The coefficient for age is positive, so the increase in age leads to an increase in the sleep time(although it is not very significant). 

```{r age}
ggplot(data=sleep75,aes(age,slpnaps,color = factor(male)) ) +
  geom_point() +
  geom_smooth(method = lm) +
  ggtitle("Age vs sleep and nap time for both sexes")
  
```

Including age and education in the model increased the R-squared from 0.1173 to 0.1354. However, it is still a pretty weak correlation since the three variables only explain around 13,5% variation in sleep and nap time.

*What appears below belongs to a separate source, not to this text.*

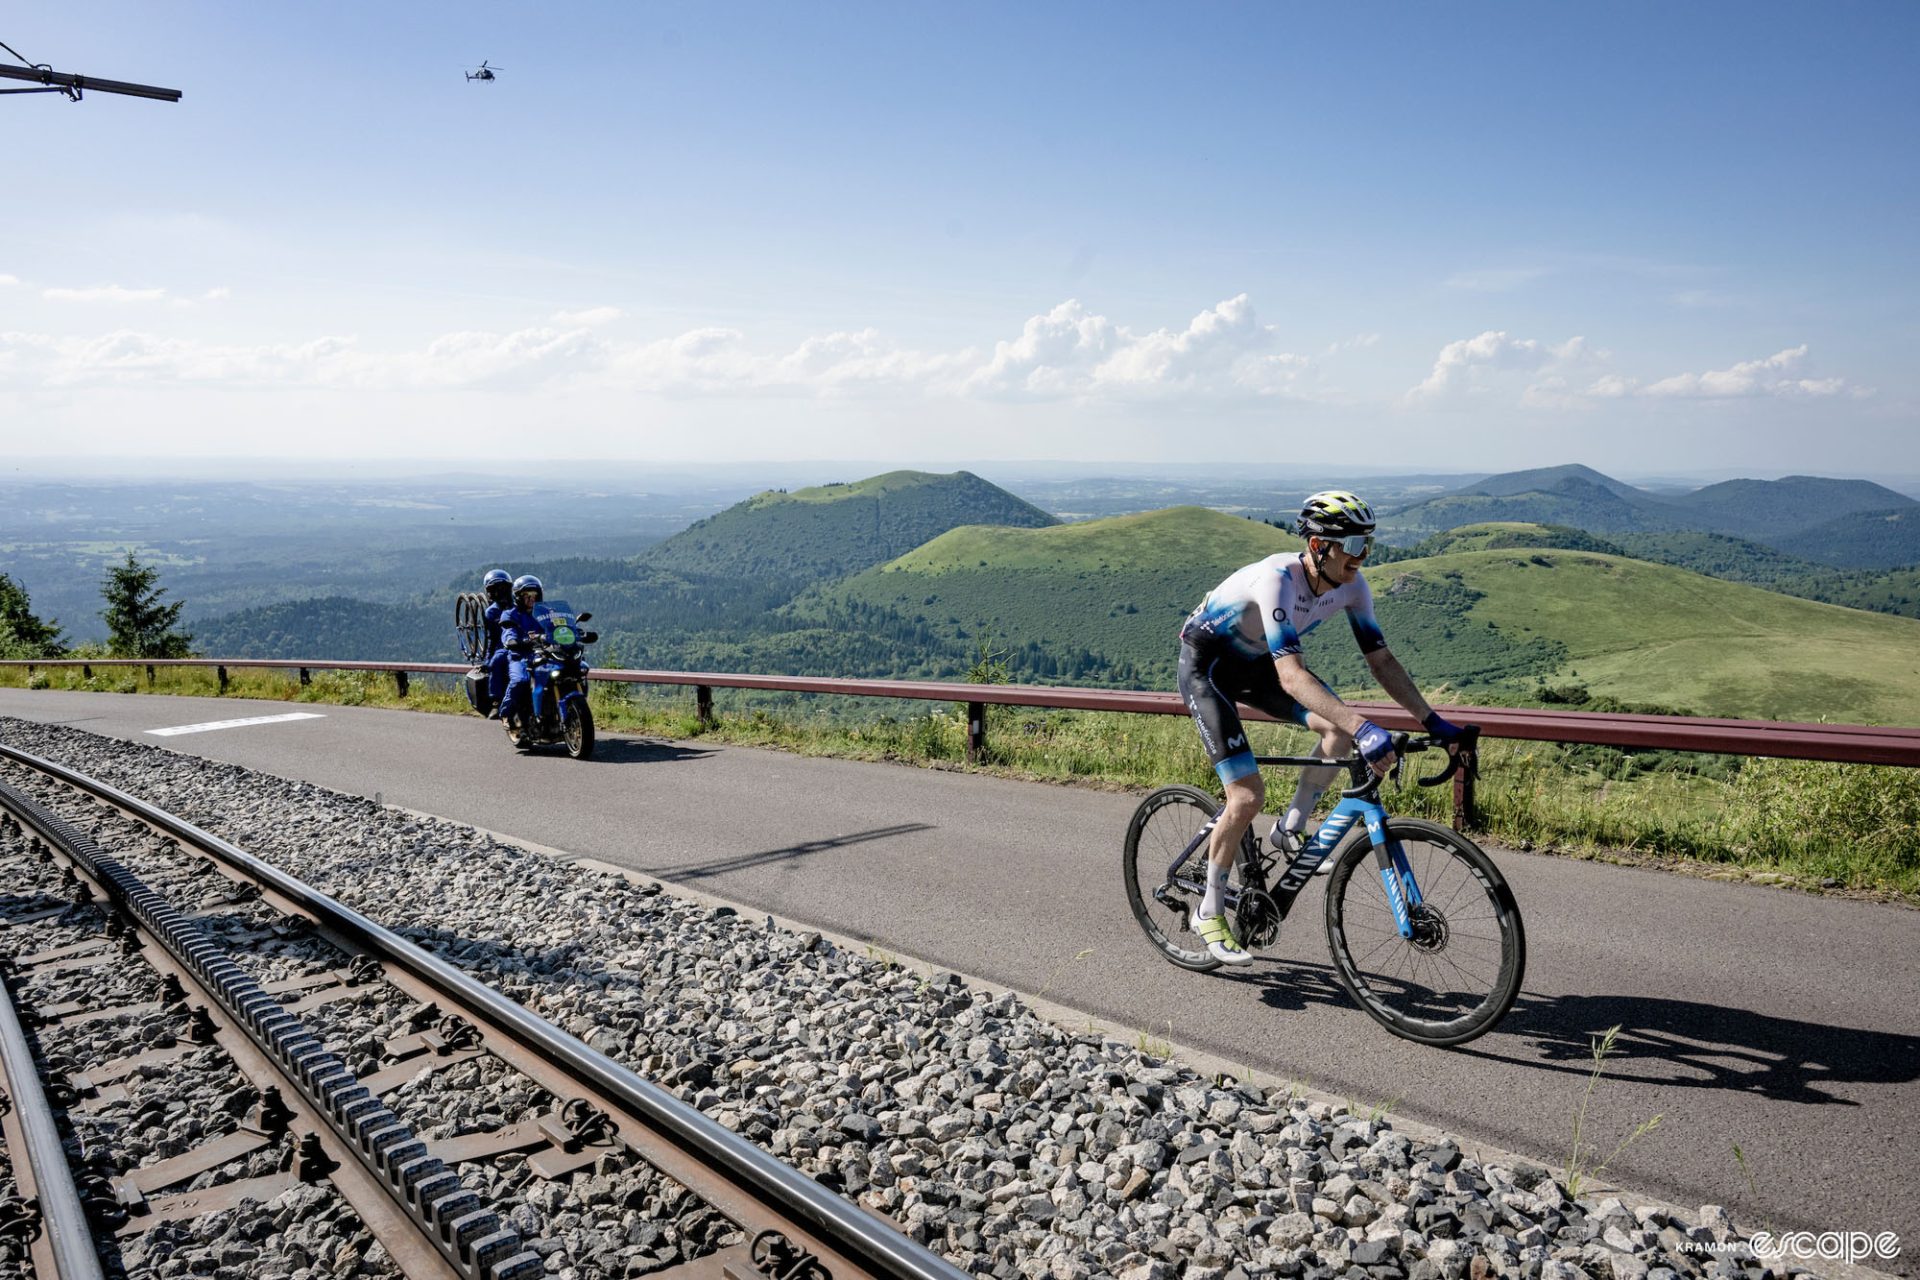 Matteo Jorgenson climbs the Puy de Dome in the solo breakaway at the 2024 Tour de France. Because the climb was closed to fans, he's all alone, with just a follow motorbike with spare wheels. Above and behind him, a helicopter looms, and he rides alongside the cog railway, a reminder of how steep the climb is.

The RSE of this model is 465.1, which gives us the error rate of value 13,7%.
It is a little bit better than in the simple model, where the error rate was ~13,85%
```{r rse2, echo true}
sigma(model3)/mean(sleep75$slpnaps)
```

## Diagnostic plots of the regression model

```{r model3}
plot(model3)
```


When it comes to the diagnostics plots, the Residuals vs Fitted looks OK and so does the Normal Q-Q, which means the residuals have a roughly linear pattern and are normally distributed. The Scale-Location and Residuals vs Leverage are also not bad.

Overall, even though it is far from perfect, this model seems to be quite good. 

## Conclusion 

The only factor that seems to significantly affect sleeping time is the total work time. Because of the low correlation coefficients, it it hard to state what else might influence the sleep time. However, these models show that sleep is at least partially a consumer's choice and is influenced by the same variables as our other uses of time.